Department of Biomedical Engineering, Case Western Reserve University, Cleveland, OH 44106.
Department of Biomedical Engineering, Case Western Reserve University, Advanced Platform Technology Center, U.S. Department of Veterans Affairs, Cleveland, OH 44106.
J Biomech Eng. 2022 Sep 1;144(9). doi: 10.1115/1.4053913.
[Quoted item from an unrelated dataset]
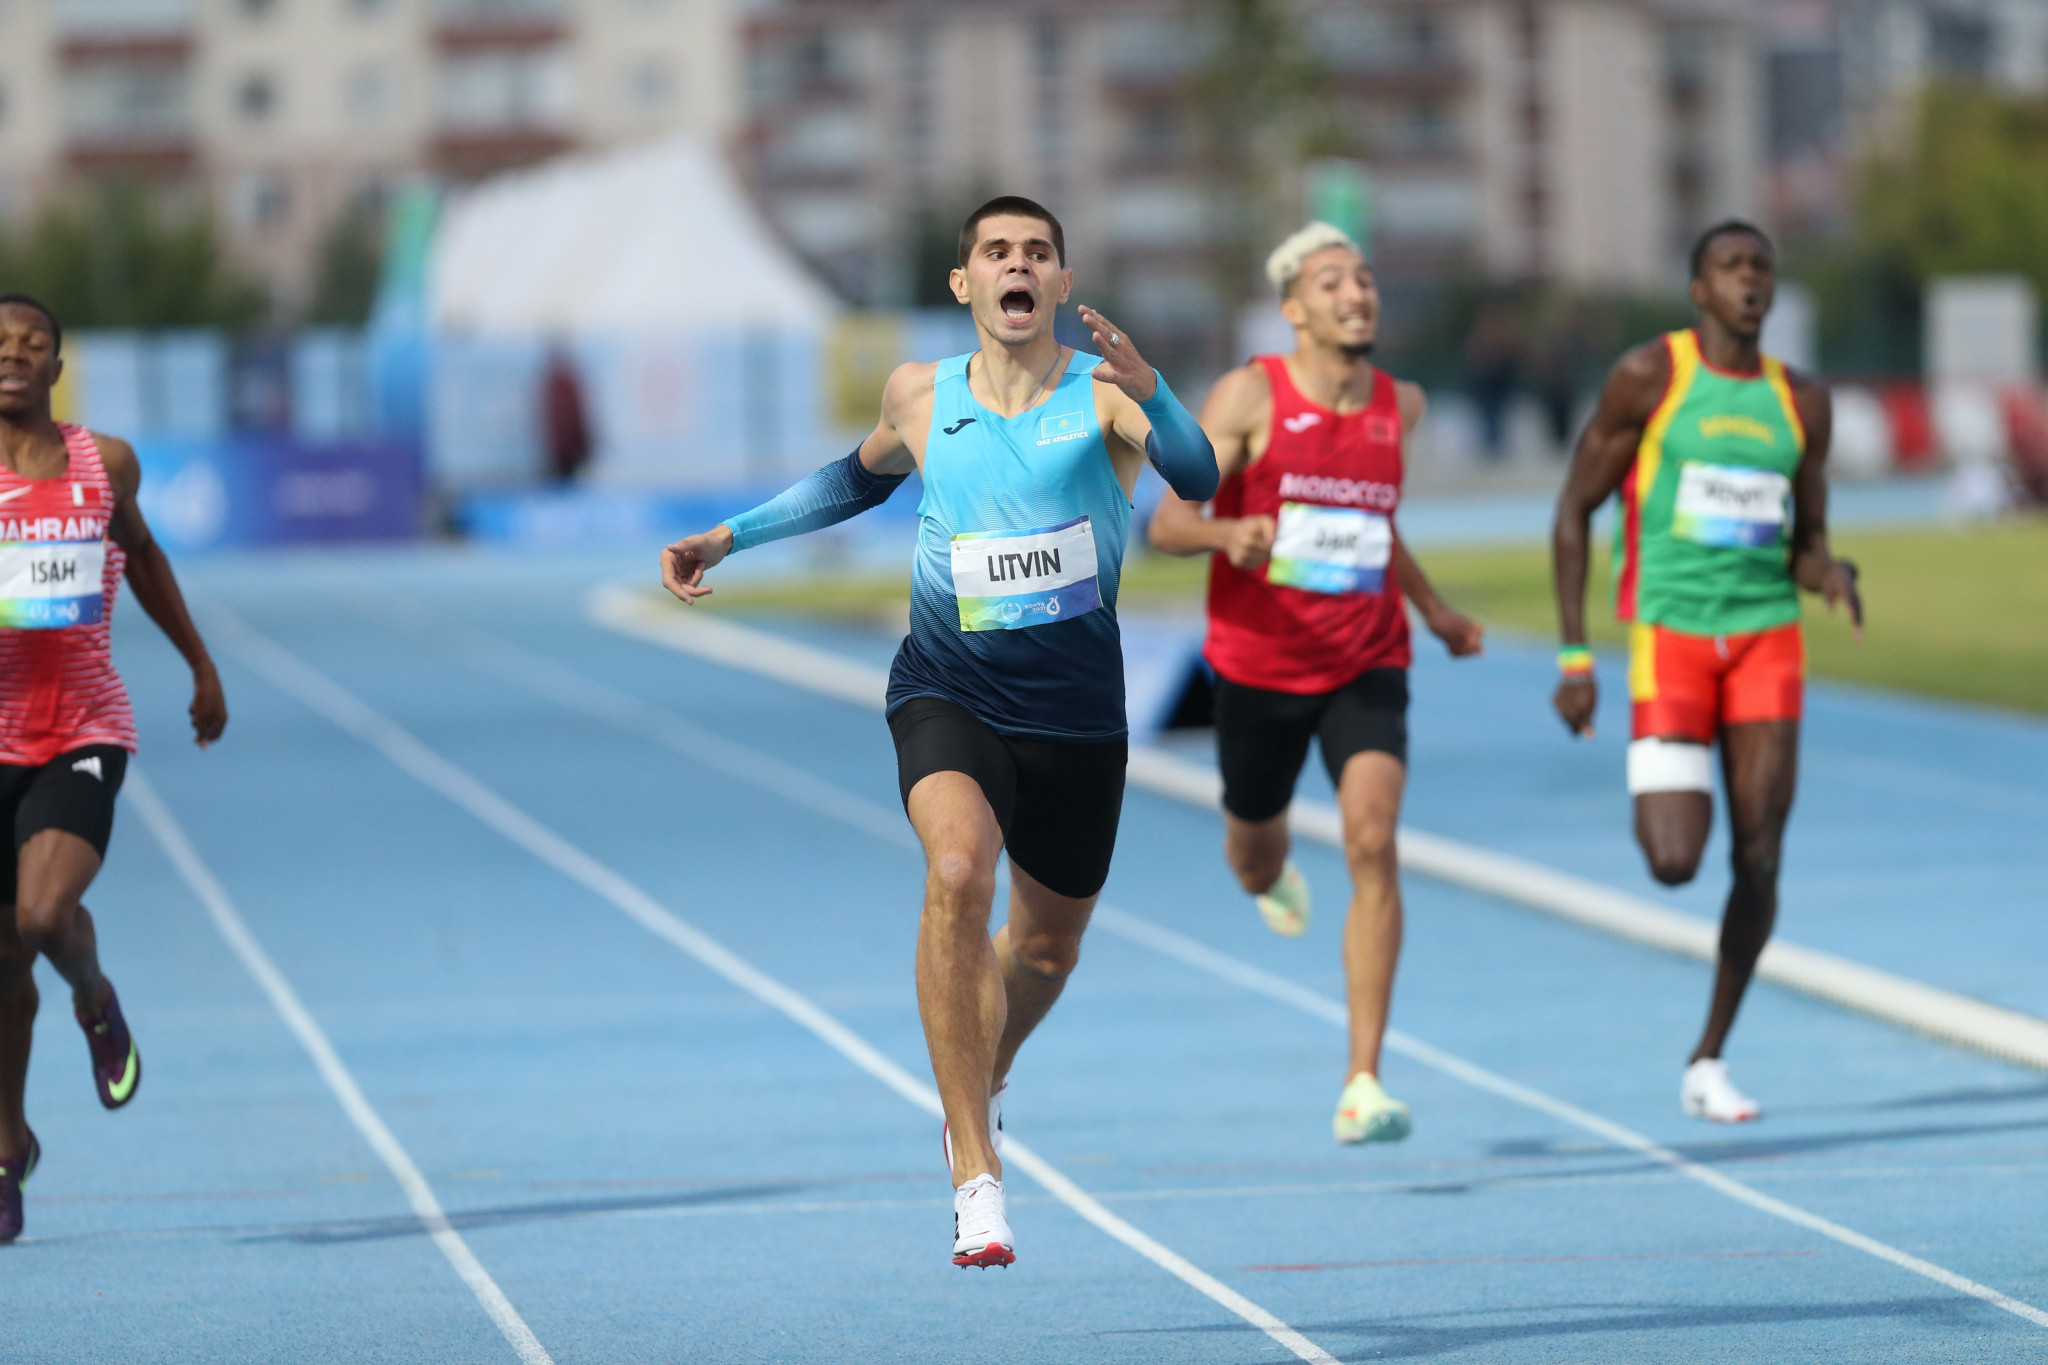 Kazakhstan’s Mikhail Litvin emerged victorious from the men's 400m final ©Konya2021
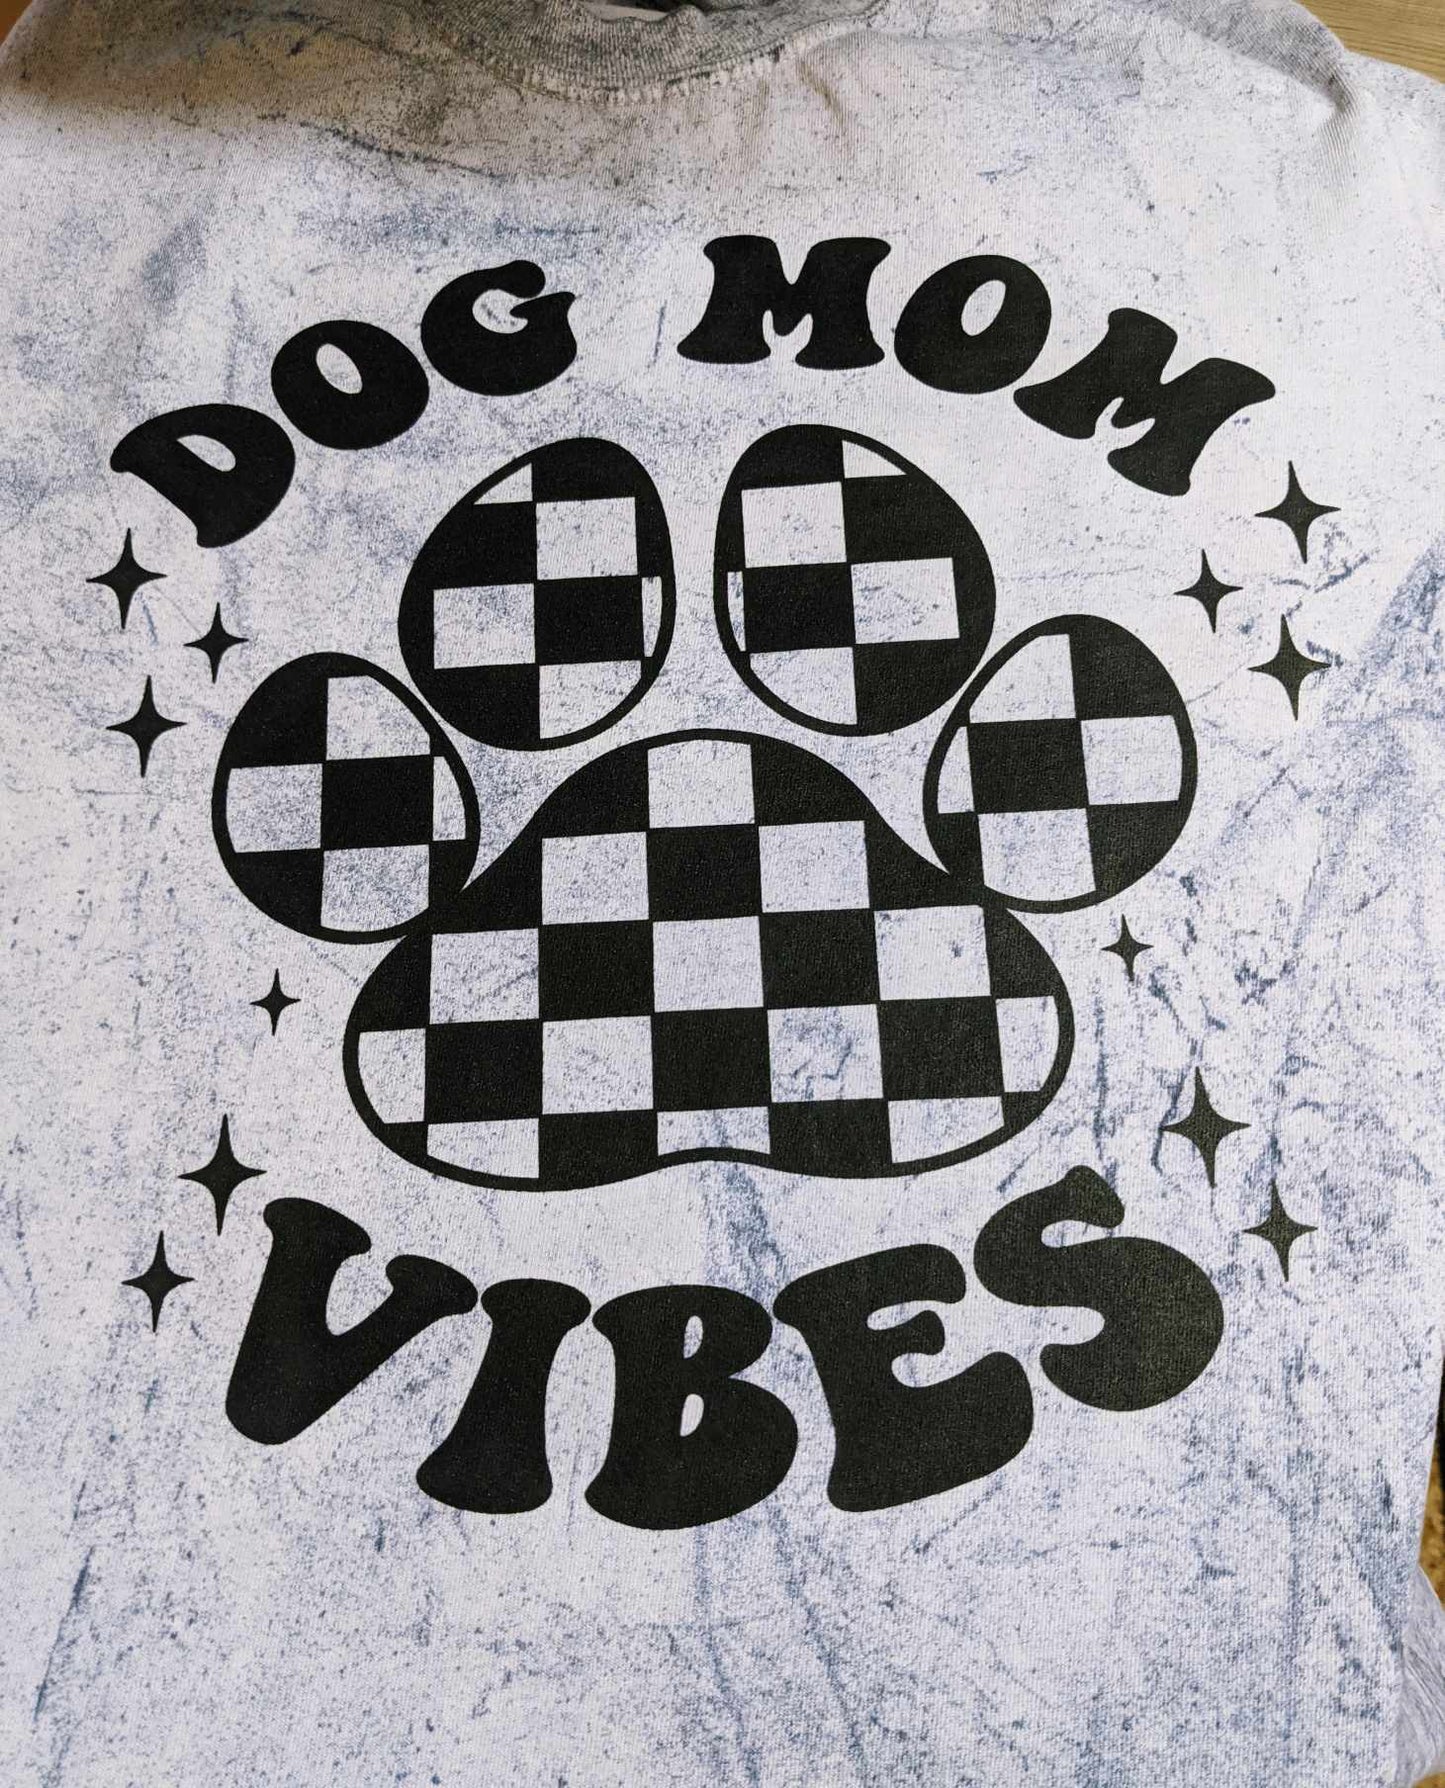 Dog Mom Vibes

The trunk movements of an individual paralyzed by spinal cord injury (SCI) can be restored by functional neuromuscular stimulation (FNS), which applies low-level current to the motor nerves to activate the paralyzed muscles to generate useful torques, to actuate the trunk. FNS can be modulated to vary the biotorques to drive the trunk to follow a user-defined reference motion and maintain it at a desired postural set-point. However, a stabilizing modulation policy (i.e., control law) is difficult to derive as the biomechanics of the spine and pelvis are complex and the neuromuscular dynamics are highly nonlinear, nonautonomous, and input redundant. Therefore, a control method that can stabilize it with FNS without knowing the accurate skeletal and neuromuscular dynamics is desired. To achieve this goal, we propose a control framework consisting of a robust control module that generates stabilizing torques while an artificial neural network-based mapping mechanism with an anatomy-based updating law ensures that the muscle-generated torques converge to the stabilizing values. For the robust control module, two sliding-mode robust controllers (i.e., a high compensation controller and an adaptive controller), were investigated. System stability of the proposed control method was rigorously analyzed based on the assumption that the skeletal dynamics can be approximated by Euler-Lagrange equations with bounded disturbances, which enables the generalization of the control framework. We present experiments in a simulation environment where an anatomically realistic three-dimensional musculoskeletal model of the human trunk moved in the anterior- posterior and medial-lateral directions while perturbations were applied. The satisfactory simulation results suggest the potential of this control technique for trunk tracking tasks in a typical clinical environment.
个体因脊髓损伤(SCI)而瘫痪时,可通过功能性神经肌肉刺激(FNS)来恢复躯干运动,该方法通过向运动神经施加低水平电流来激活瘫痪肌肉,以产生有用的扭矩,从而驱动躯干。FNS 可以进行调制以改变双扭矩,以驱动躯干跟随用户定义的参考运动并将其维持在期望的姿势设定点。然而,由于脊柱和骨盆的生物力学复杂,神经肌肉动力学高度非线性、非自治和输入冗余,因此很难推导出稳定的调制策略(即控制律)。因此,需要一种无需了解精确骨骼和神经肌肉动力学即可通过 FNS 稳定它的控制方法。为了实现这一目标,我们提出了一个控制框架,该框架由一个鲁棒控制模块组成,该模块生成稳定的扭矩,而基于人工神经网络的映射机制具有基于解剖结构的更新律,可确保肌肉产生的扭矩收敛到稳定值。对于鲁棒控制模块,研究了两种滑模鲁棒控制器(即高补偿控制器和自适应控制器)。基于骨骼动力学可以用具有有界干扰的 Euler-Lagrange 方程近似的假设,严格分析了所提出控制方法的系统稳定性,这使得控制框架具有通用性。我们在模拟环境中进行了实验,其中人体躯干的解剖学逼真的三维肌肉骨骼模型在前后和内外方向上移动,同时施加了扰动。令人满意的模拟结果表明,该控制技术具有在典型临床环境中进行躯干跟踪任务的潜力。